AI Helped Me Finally Start Reading the Classics

By Sahand Sojoodi · February 18, 2026
AI Helped Me Finally Start Reading the Classics

For years, I've been meaning to tap into timeless wisdom: reading classics like Sun Tzu's The Art of War, Marcus Aurelius's Meditations, Ferdowsi's Shahnaame, Seneca's letters… Books that have passed the test of time. Books that contain timeless wisdom, and ones that I had started and abandoned a few times.

This bothered me. How could I talk about strategy and philosophy in business conversations when I'd never actually finished Sun Tzu? The classics sat in my library collecting dust.

The Problem Wasn't Discipline

Every few months, I'd try again. Read a few pages of dense, annotated text. Get overwhelmed by scholarly footnotes or the lack of knowledge about the historical context. Abandon it. Repeat.

The books were not the problem. I was approaching them wrong.

Classic texts are not designed for how modern busy professionals actually learn. They're dense, disconnected from daily context, and demand uninterrupted focus that feels impossible between meetings, email, driving kids around to extracurriculars… What's worse is that dense history or historical texts are full of annotations, sidebars and references to other books or texts which makes it hard to follow the straightforward path of reading through a book.

In short, what I needed was not more willpower. I needed a better reading system.

Building My Personal Librarian

This past week, I decided to solve this problem the engineer's way: by building something!

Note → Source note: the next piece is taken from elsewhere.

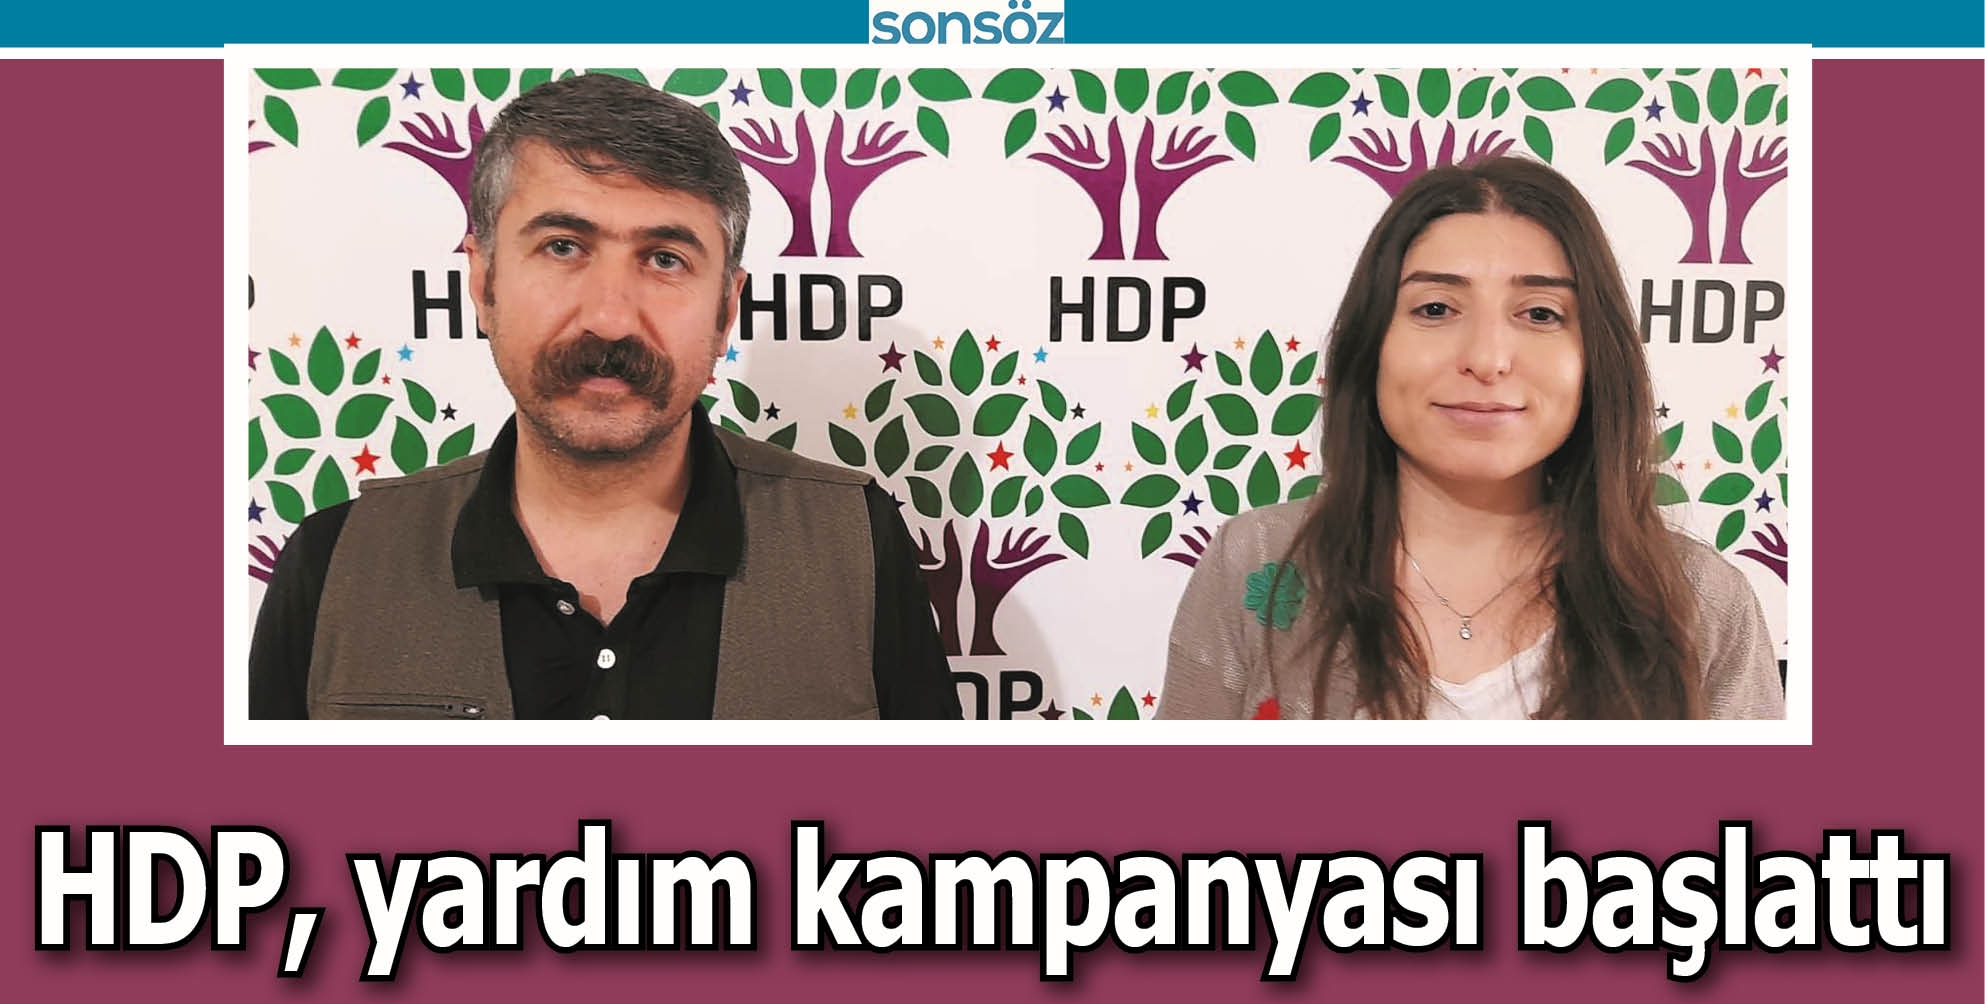 HDP, YARDIM KAMPANYASI BAŞLATTI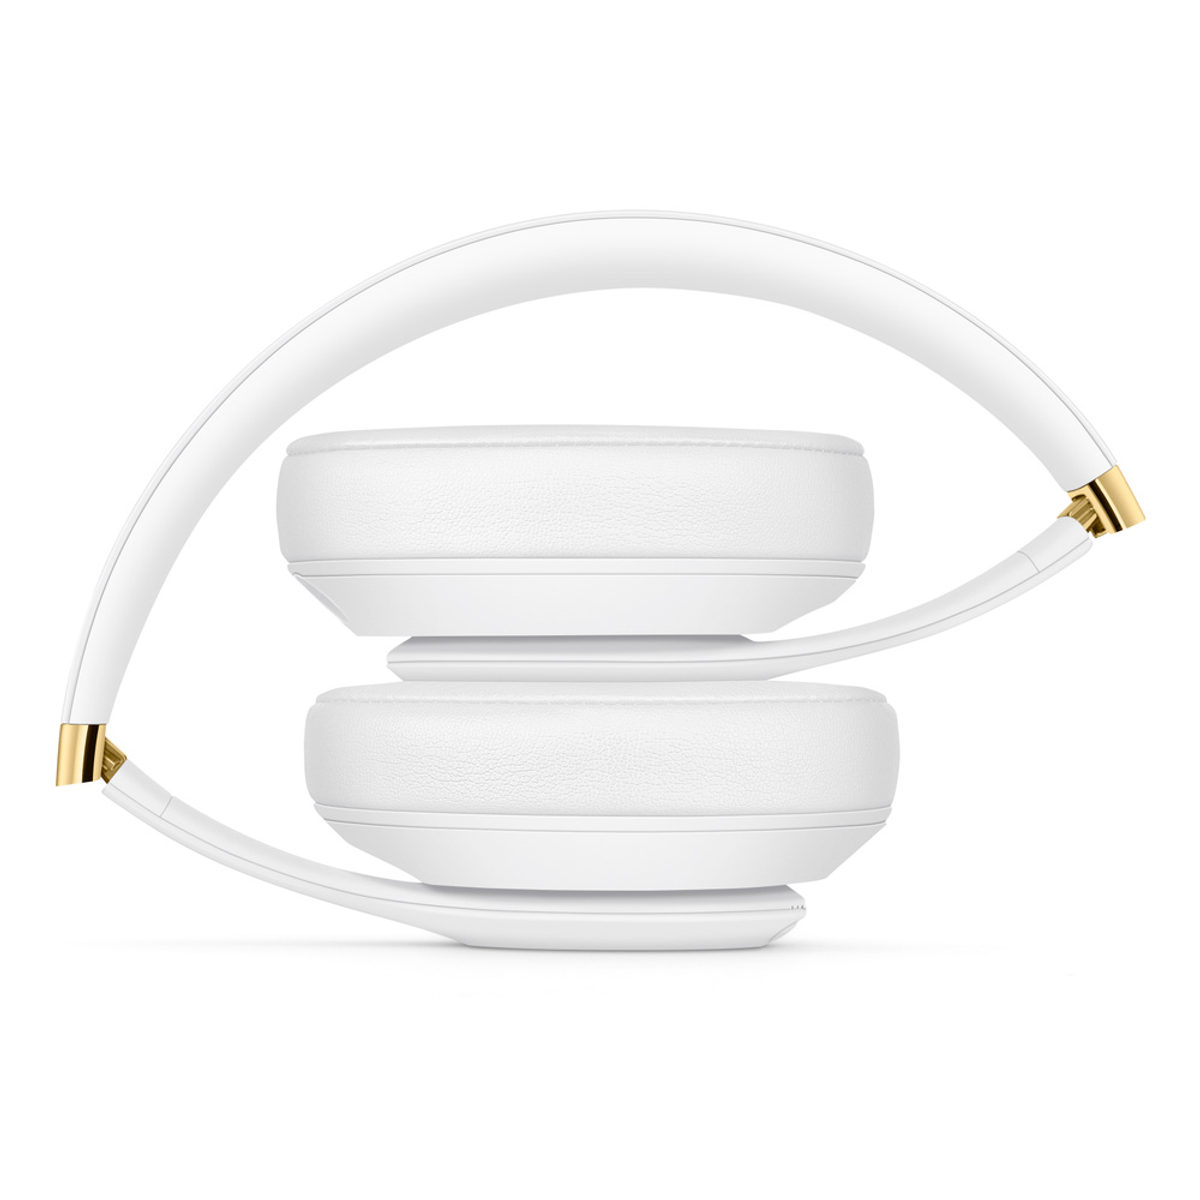 BEATS Kopfhörer Studio3, Weiß Bluetooth Over-ear

Using my personal AI assistant, Claw powered by OpenClaw, I created what I can only describe as a "personal librarian" that delivers classics to me in small, digestible pieces.

Here's how it works: Every weekday morning at 8:30 AM, my phone buzzes with the next chunk of whatever classic I'm working through. Not a reminder to read, but the actual content, pre-formatted and ready to absorb in 2–3 minutes during my commute.

But here's the real unlock: the AI doesn't just deliver raw text. It interprets each passage, explains what it means in modern context, and shows me why it matters for business and life today.

Screenshot showing The Art of War progress at 24% through, displaying a passage about Method and Discipline with Sun Tzu's original text quoted in italics and a modern interpretation explaining the five fundamentals as a decision framework

The Results Surprised Me

A few days in, and I'm actually reading The Art of War. Not struggling through it—genuinely absorbing it.

A few things clicked. First, there's zero decisions required. The book shows up whether I remember it or not. Consistency becomes automatic. I make bite-sized progress, 800 characters or so at a time, it takes 2–3 minutes to read. There's no commitment paralysis. Finally, there's tremendous contextual learning. Every chunk arrives pre-interpreted, so ancient military strategy connects directly to modern challenges, negotiations, competition, leadership.

Screenshot of a passage about discipline from The Art of War, discussing Ts'ao Ts'ao's story of leading by example when his horse damaged crops, demonstrating that rules only hold when leaders are not exempt

Looking back, this small project taught me something important: sometimes the barrier to learning isn't time or desire—it's the absence of infrastructure that makes good habits inevitable.

Why This Matters Beyond Books

This experience reinforced what we've been discovering in our AI work: the real power of intelligent agents isn't just answering questions on demand. It is proactive AI that maintains rhythm for you.

Most AI tools up until now wait for you to engage; they are reactive. But proactive agents that schedule, deliver, track, and adapt? They change the game entirely.

Imagine: AI that drip-feeds you research papers in your field every Friday. Or delivers Spanish vocabulary during lunch. Or surfaces daily creative prompts at your peak energy time.

Not because you remembered to check an app. Because the infrastructure makes learning inevitable.

What's Next

Marcus Aurelius is queued up after I finish Sun Tzu. But more importantly, I'm thinking about what other areas of life could benefit from this "proactive agent" pattern: language learning, staying current on research, even writing practice.

The common thread? Consistency matters more than intensity. And well-designed AI systems can maintain consistency better than human willpower alone.

Sometimes you just need better infrastructure. And maybe a librarian who never forgets to show up.